▶ _Given information_
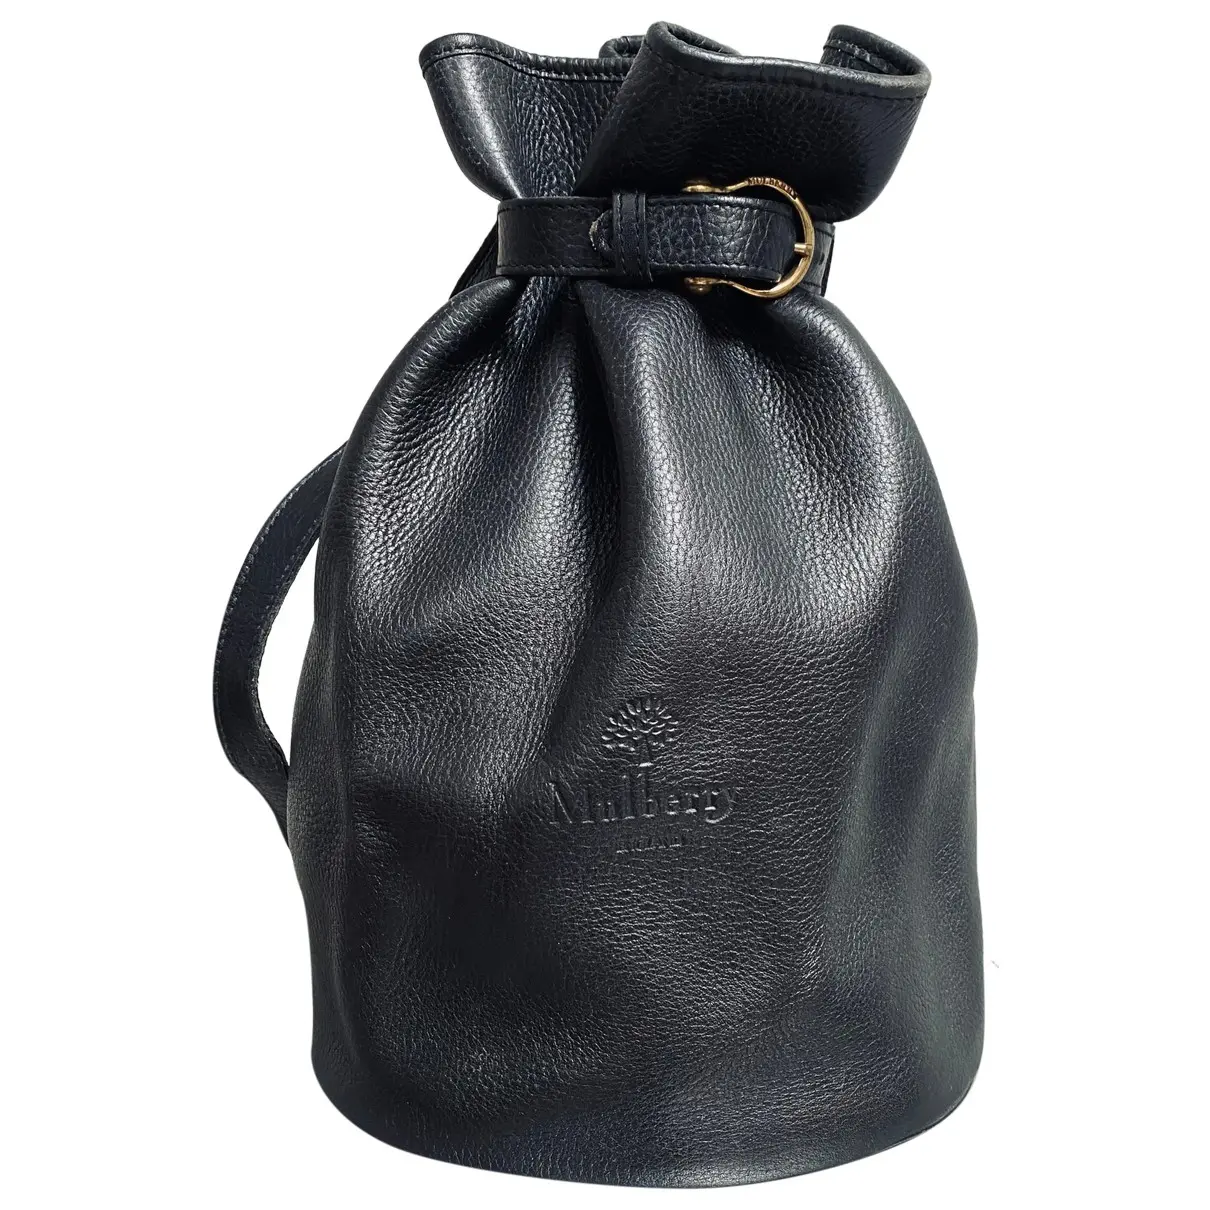 Leather handbag Mulberry - Vintage
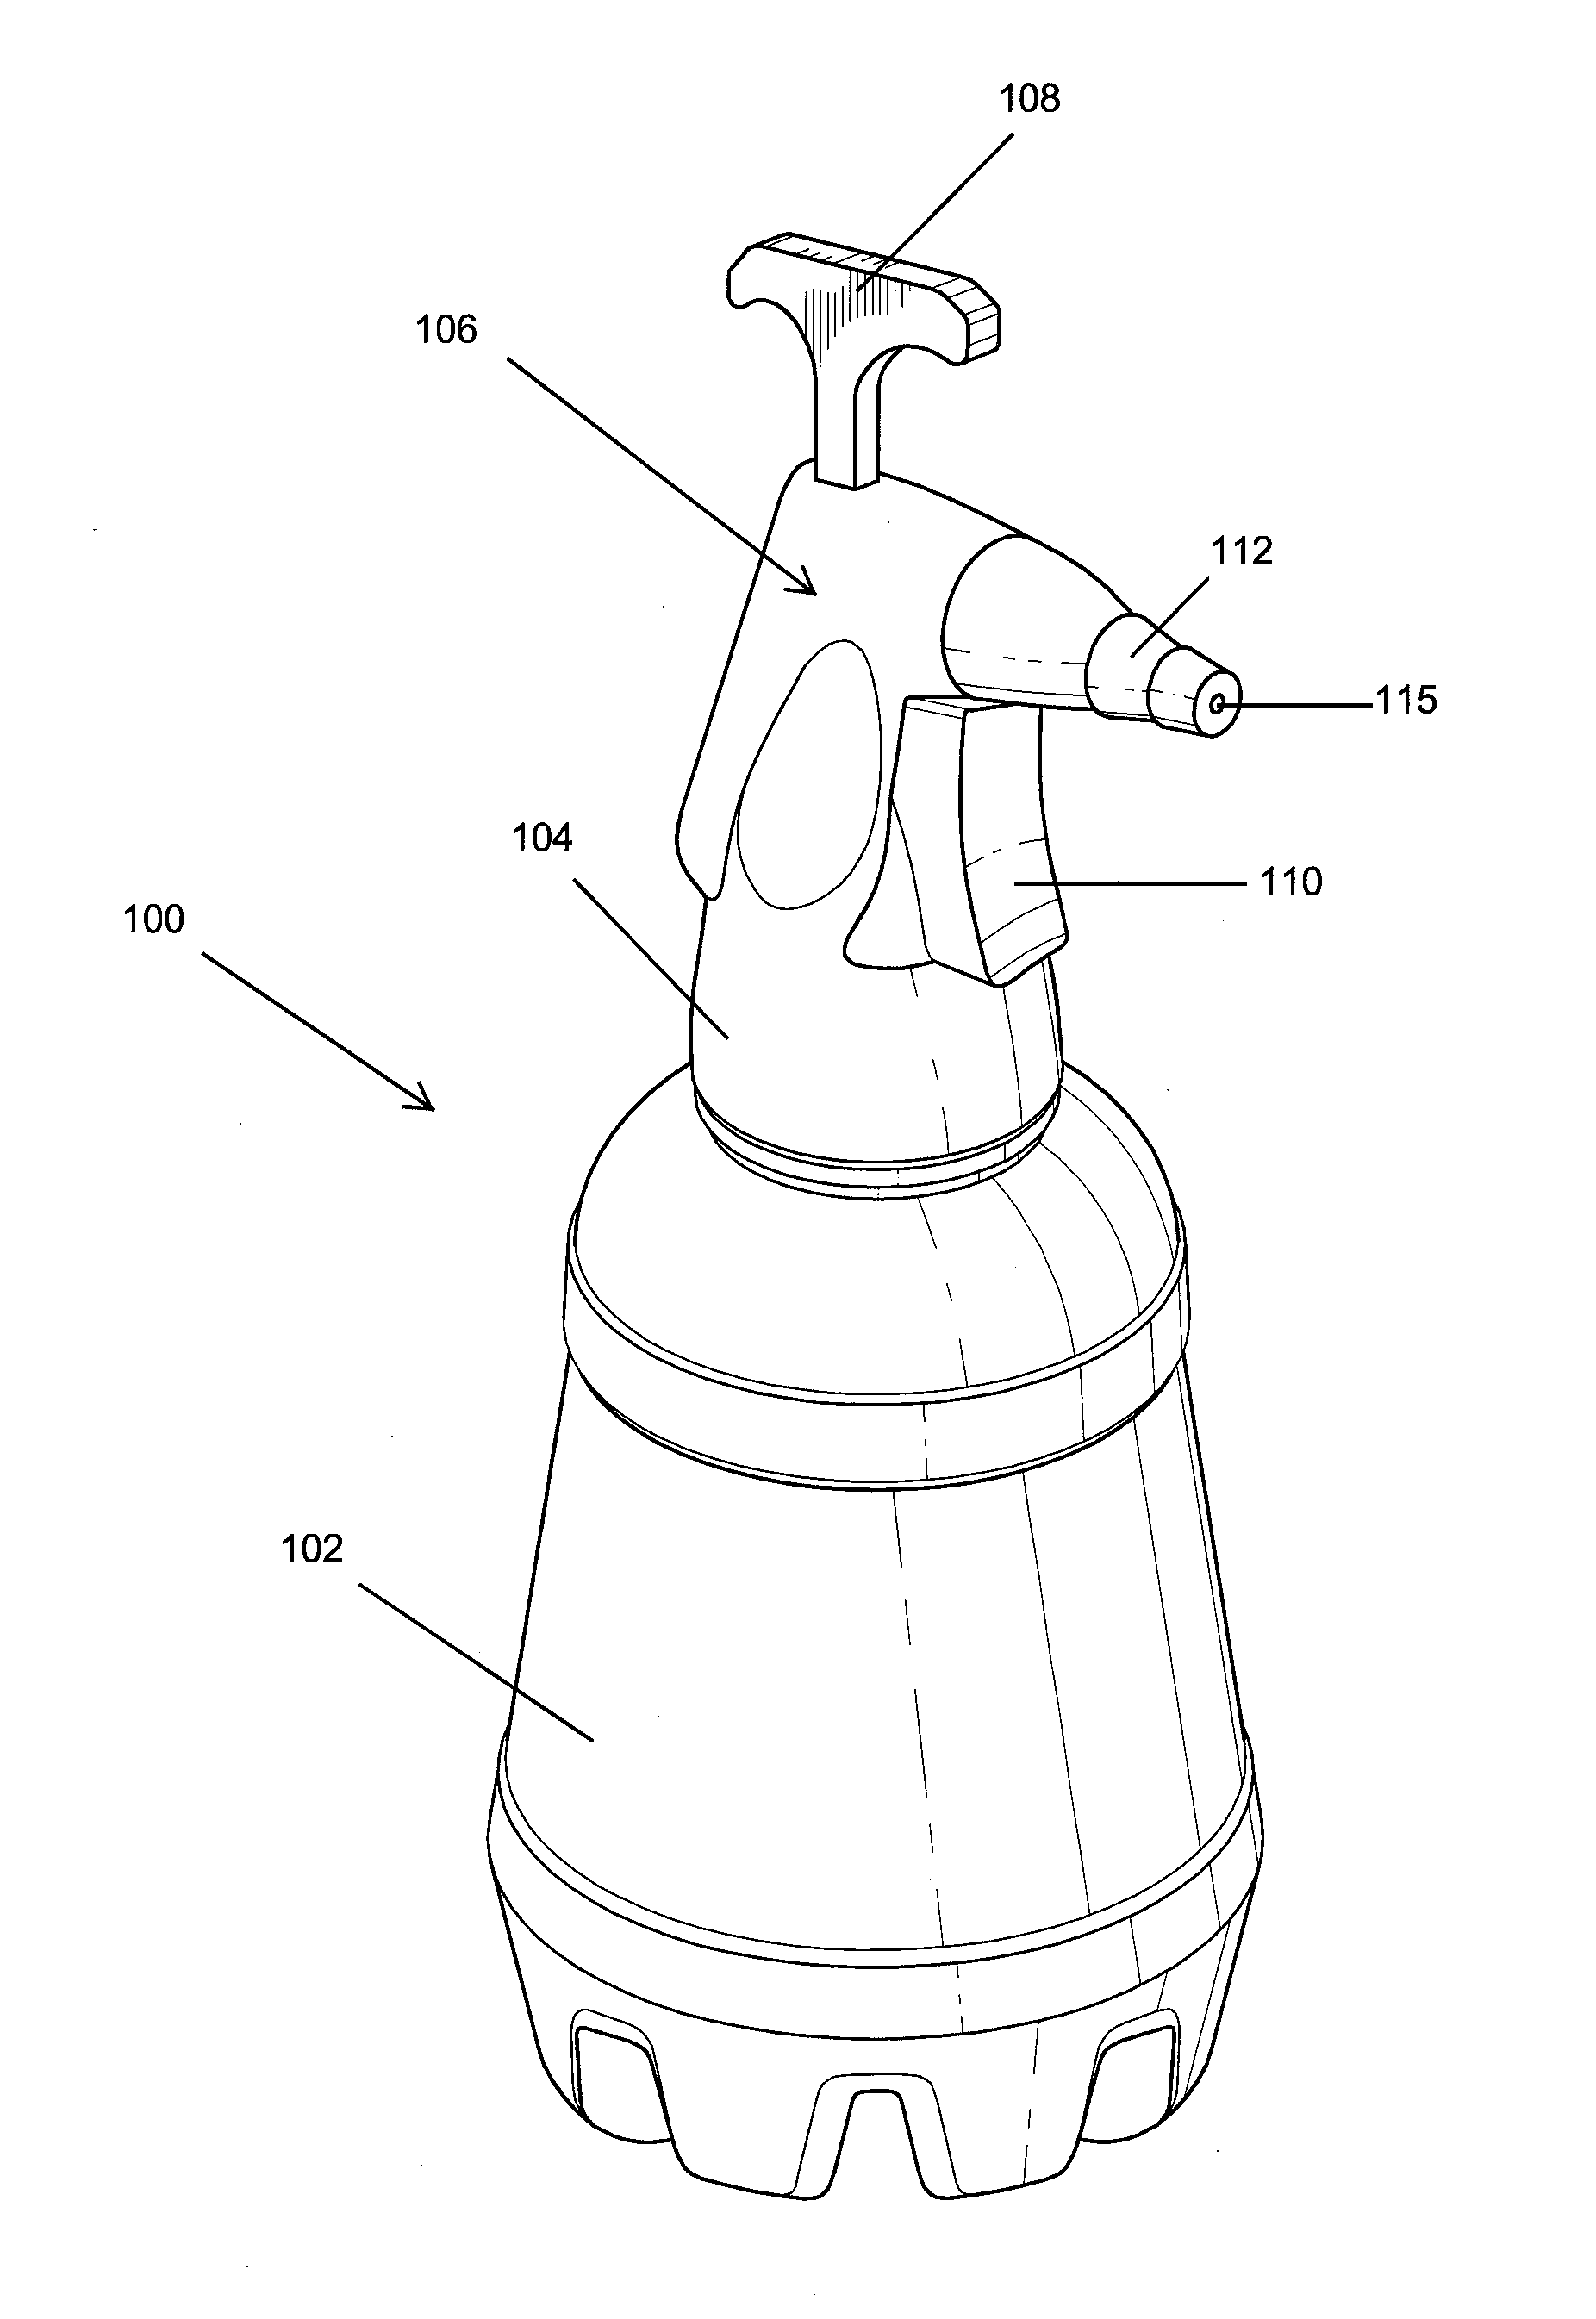 Balloon pumper having relief valve
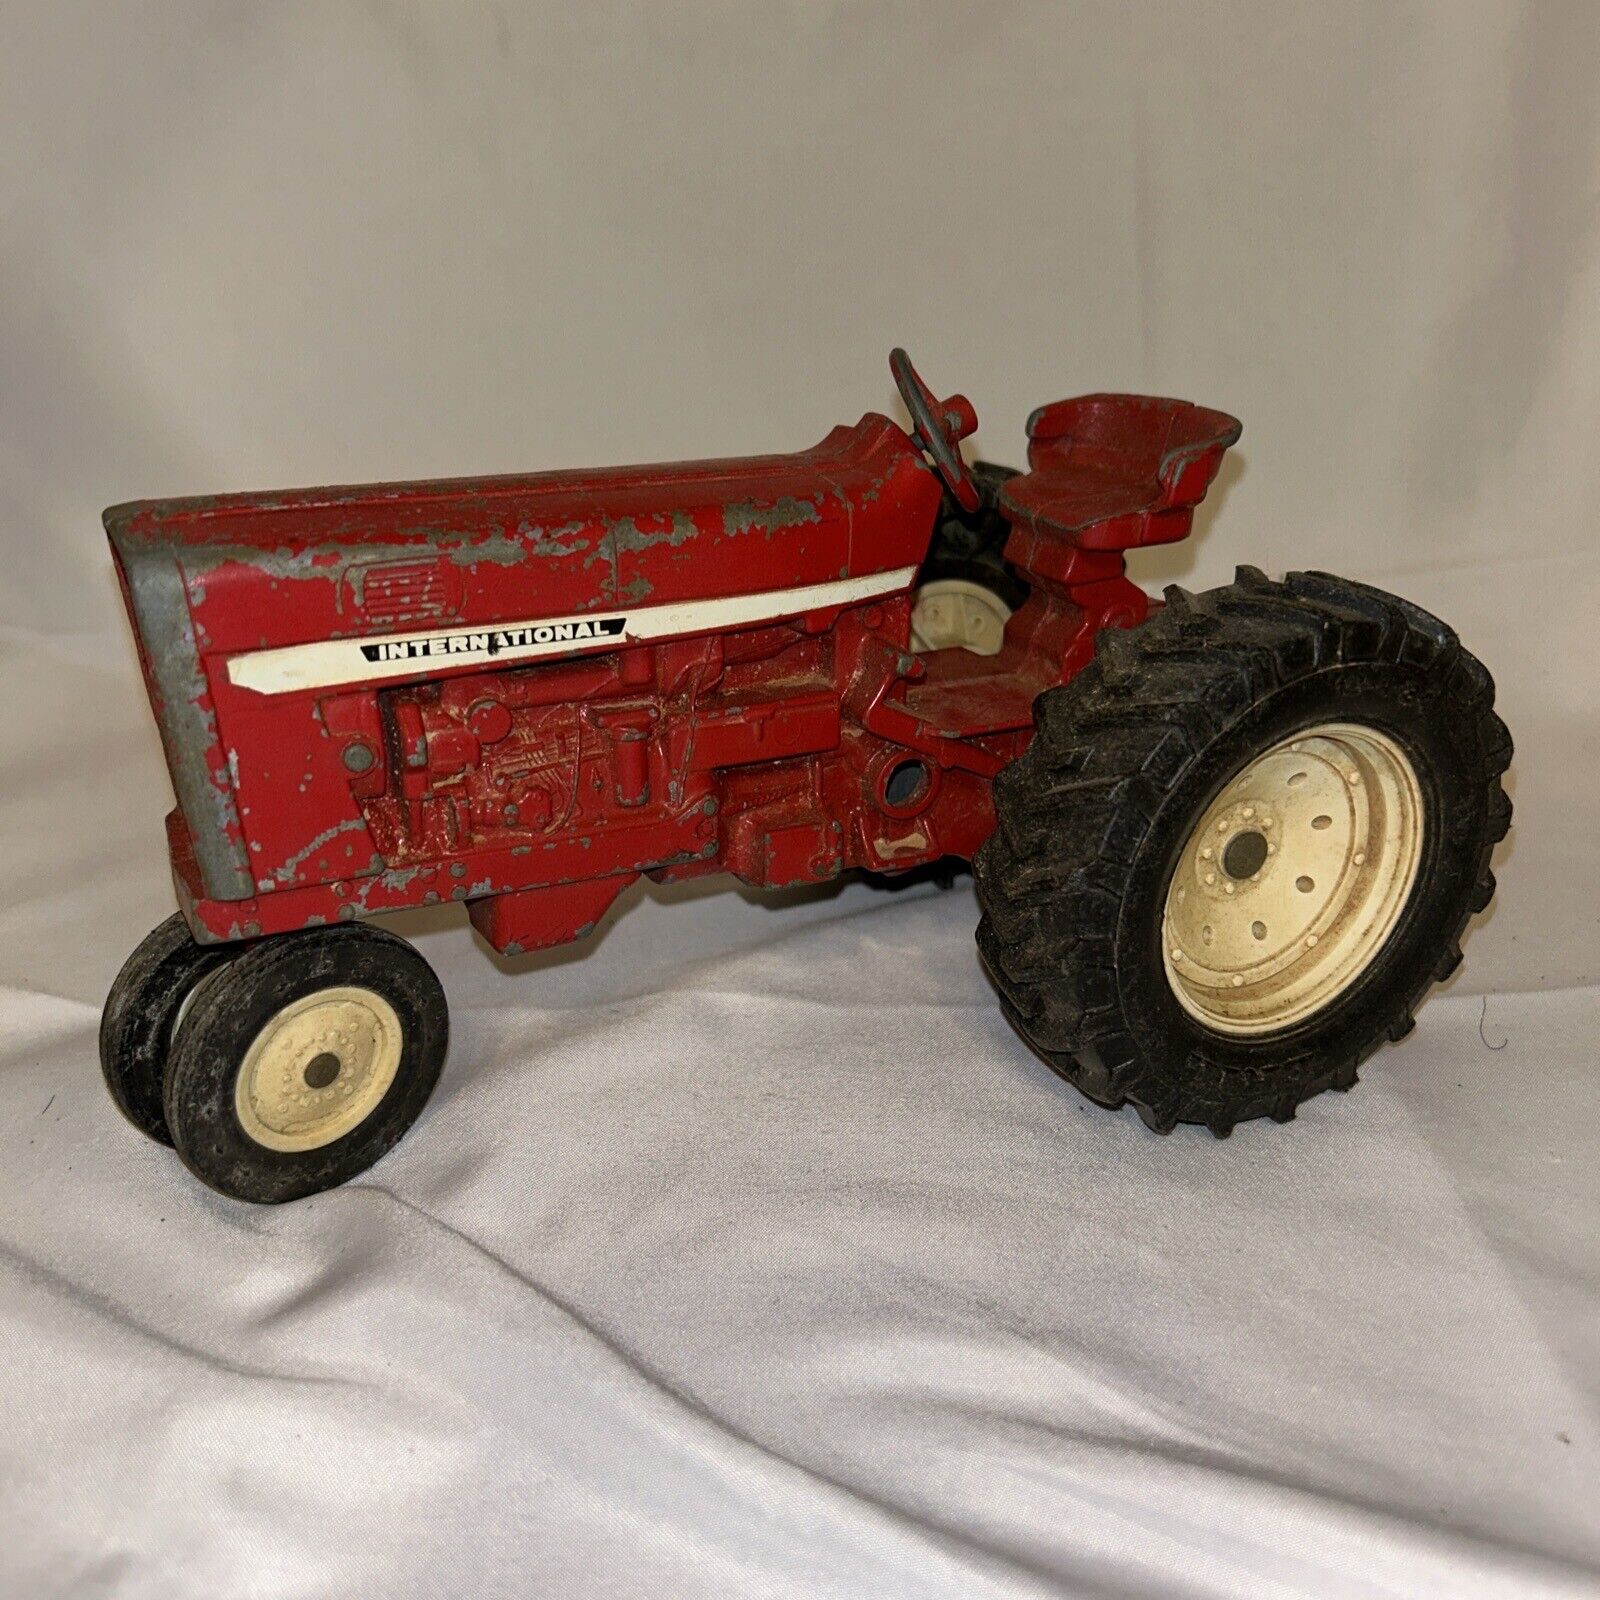 ERTL International Tractor Red Metal Tractor Toy 18-4-34 Vintage Antique

▶ _What is required_
All of the lines above should be printed exactly, minus the pictures.

▶ _Task solution_
 Leather handbag Mulberry - Vintage
 Balloon pumper having relief valve
 ERTL International Tractor Red Metal Tractor Toy 18-4-34 Vintage Antique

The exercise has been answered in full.